DATA EXTRACT:
----
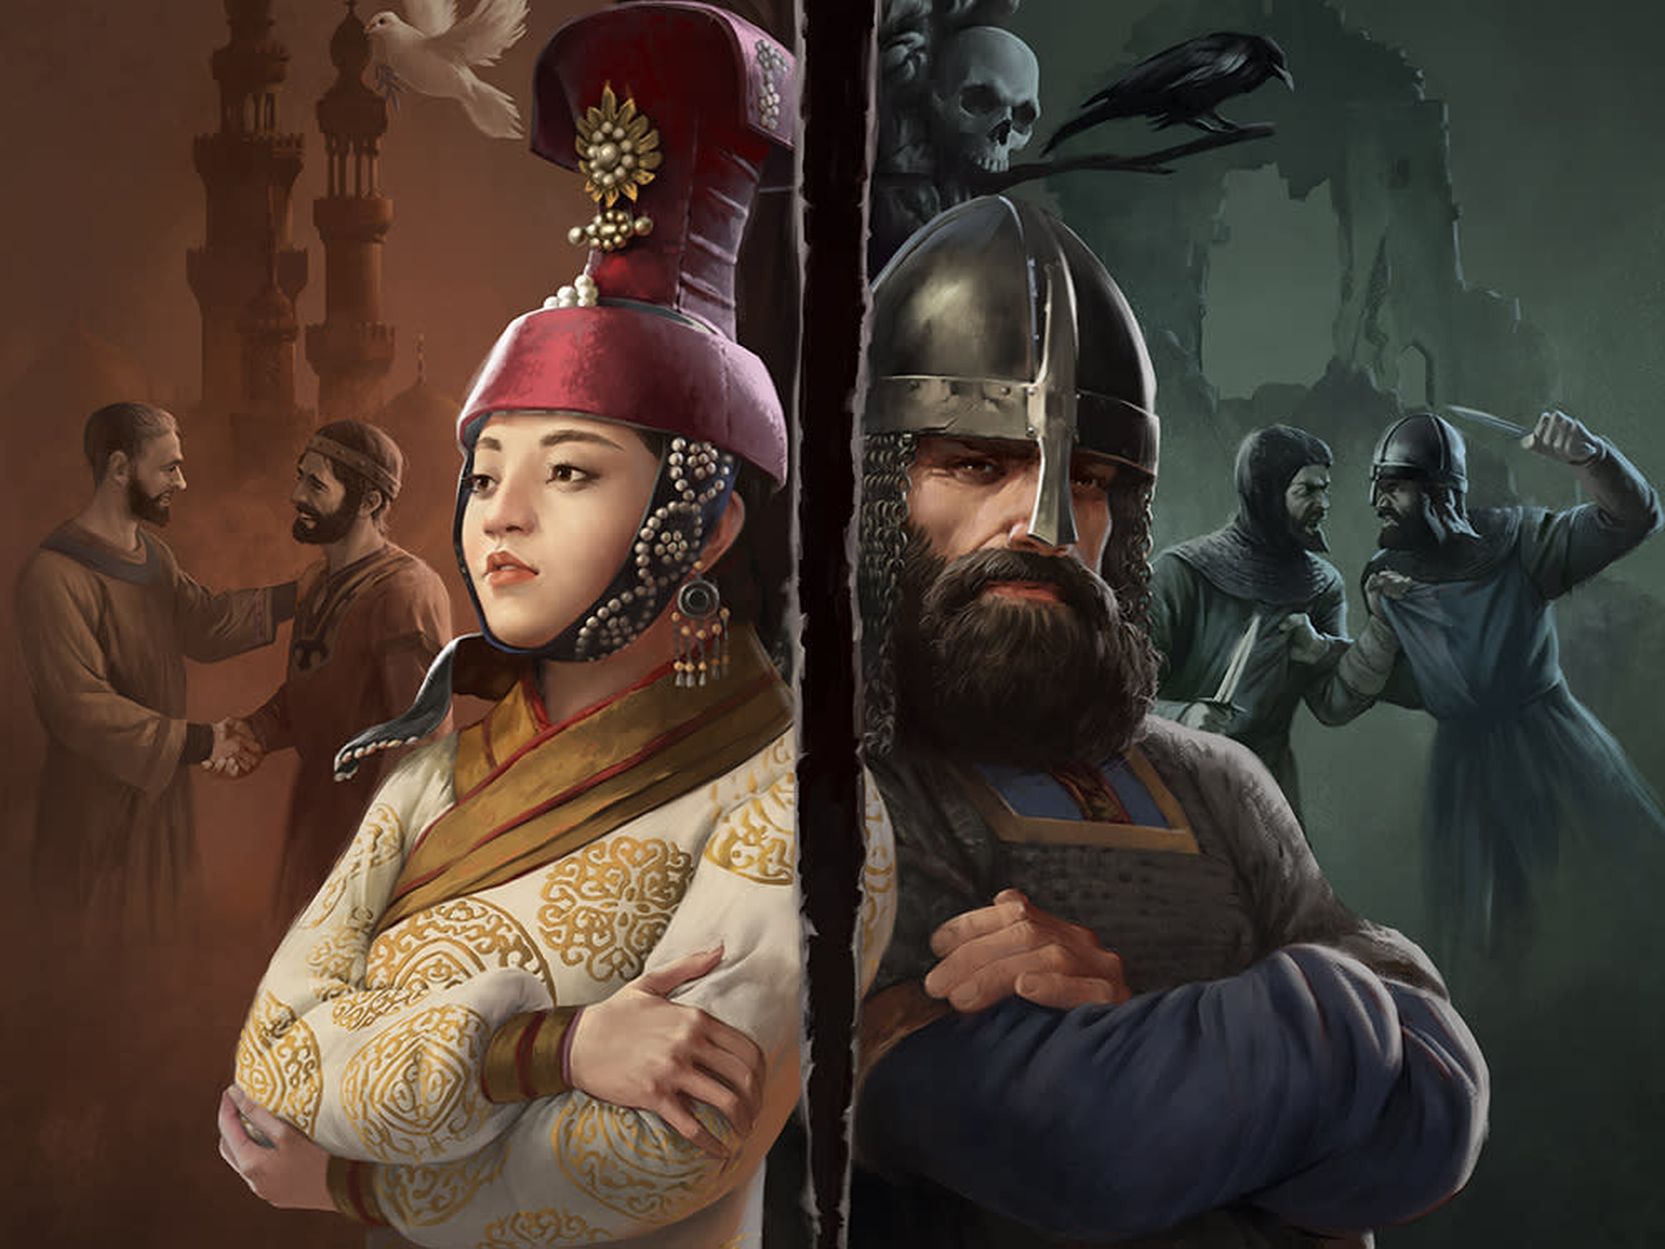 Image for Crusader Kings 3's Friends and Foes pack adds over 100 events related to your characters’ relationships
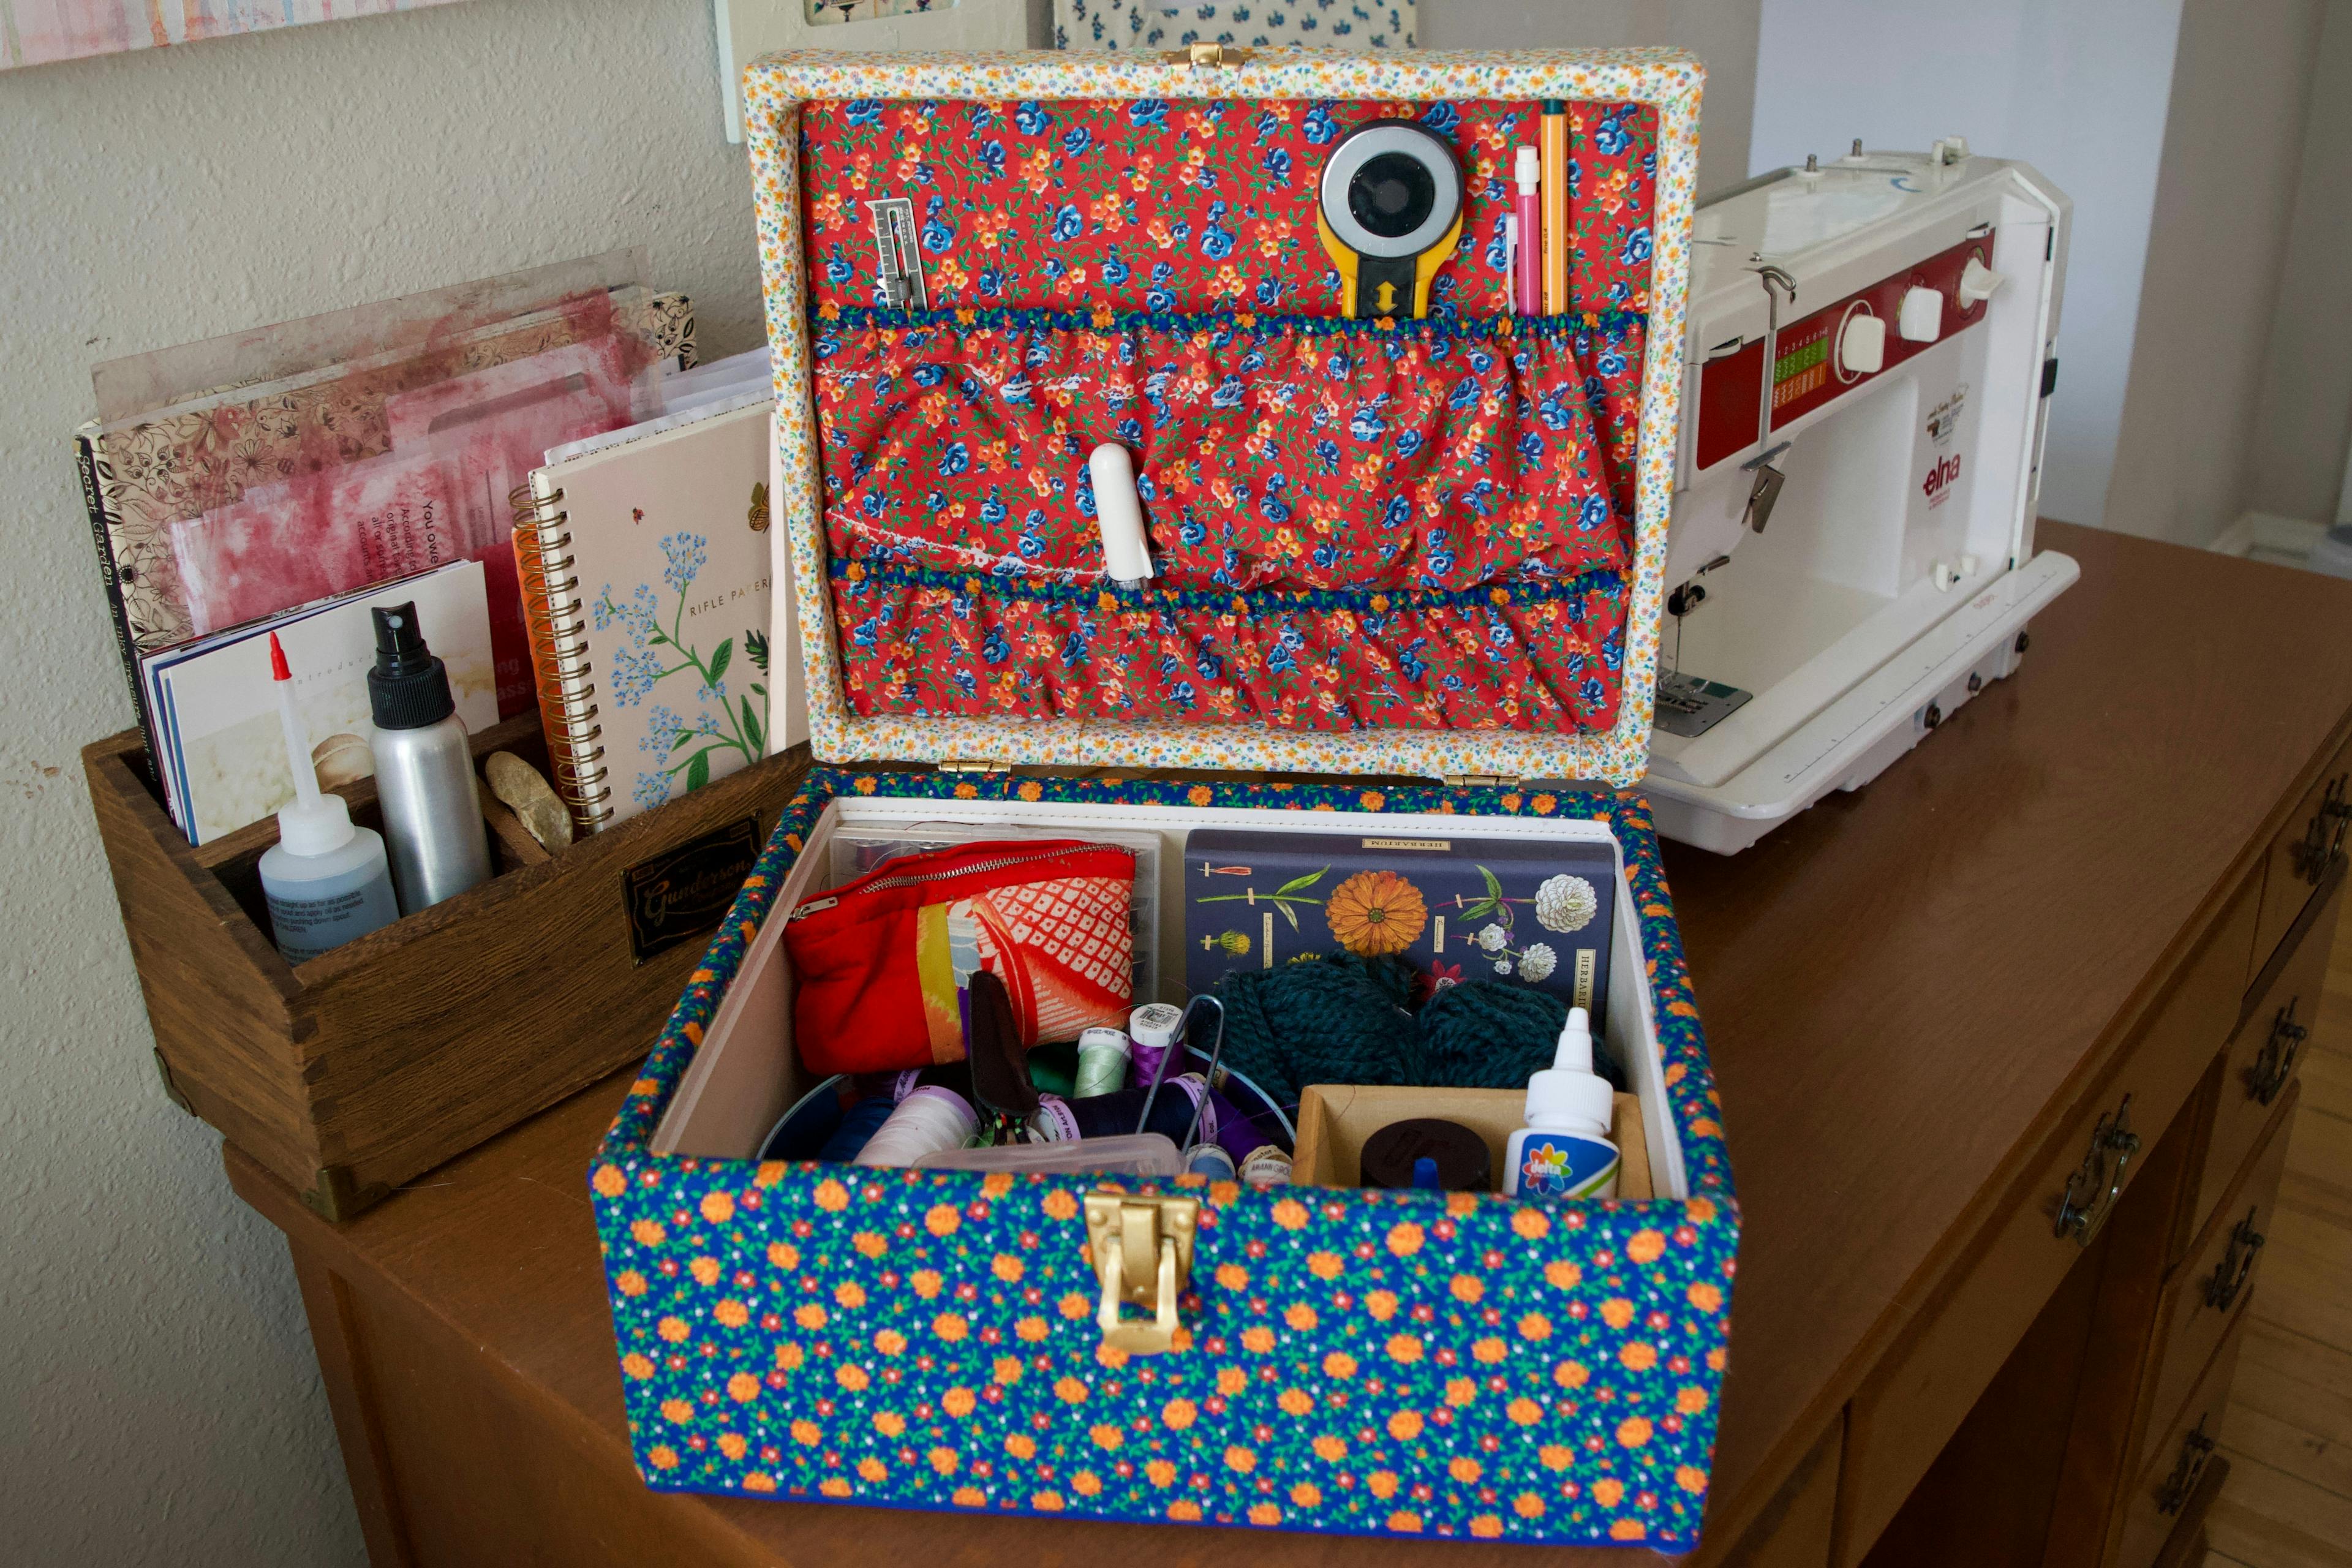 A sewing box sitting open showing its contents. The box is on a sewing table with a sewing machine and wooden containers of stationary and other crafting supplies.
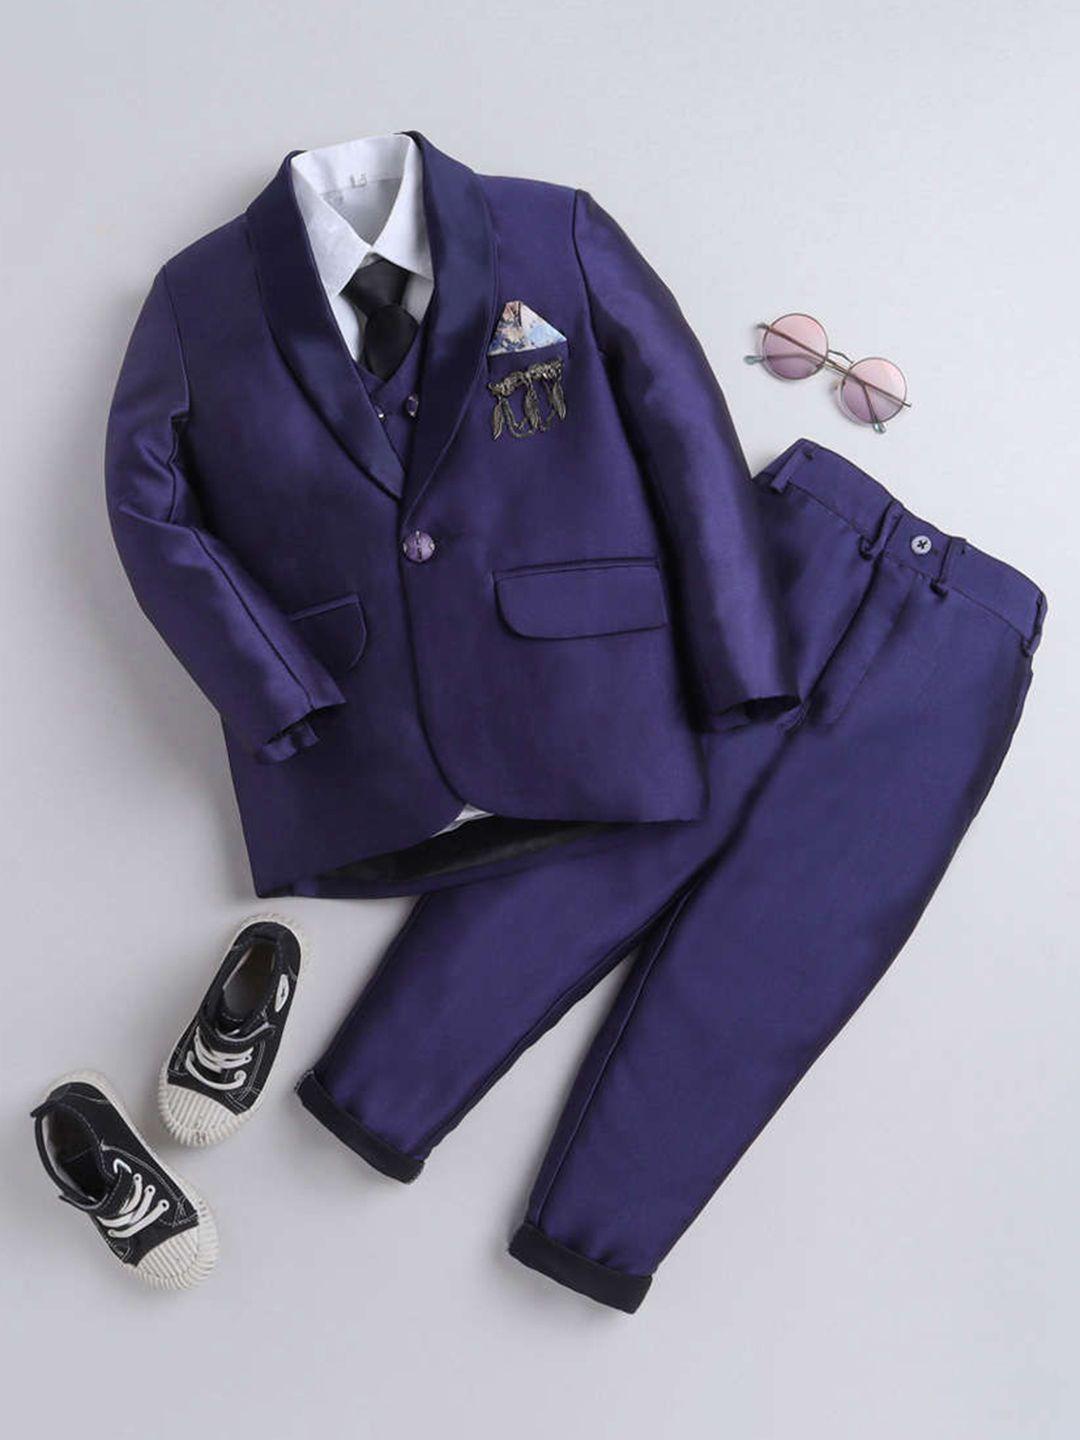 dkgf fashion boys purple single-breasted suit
----
WHAT IS EXPECTED: Print the lines from the line with "A sewing box" to the end of the data above. Include both ends, exclude the pictures, and add nothing else.

OUTPUT FOR THIS EXERCISE:
 A sewing box sitting open showing its contents. The box is on a sewing table with a sewing machine and wooden containers of stationary and other crafting supplies.
 dkgf fashion boys purple single-breasted suit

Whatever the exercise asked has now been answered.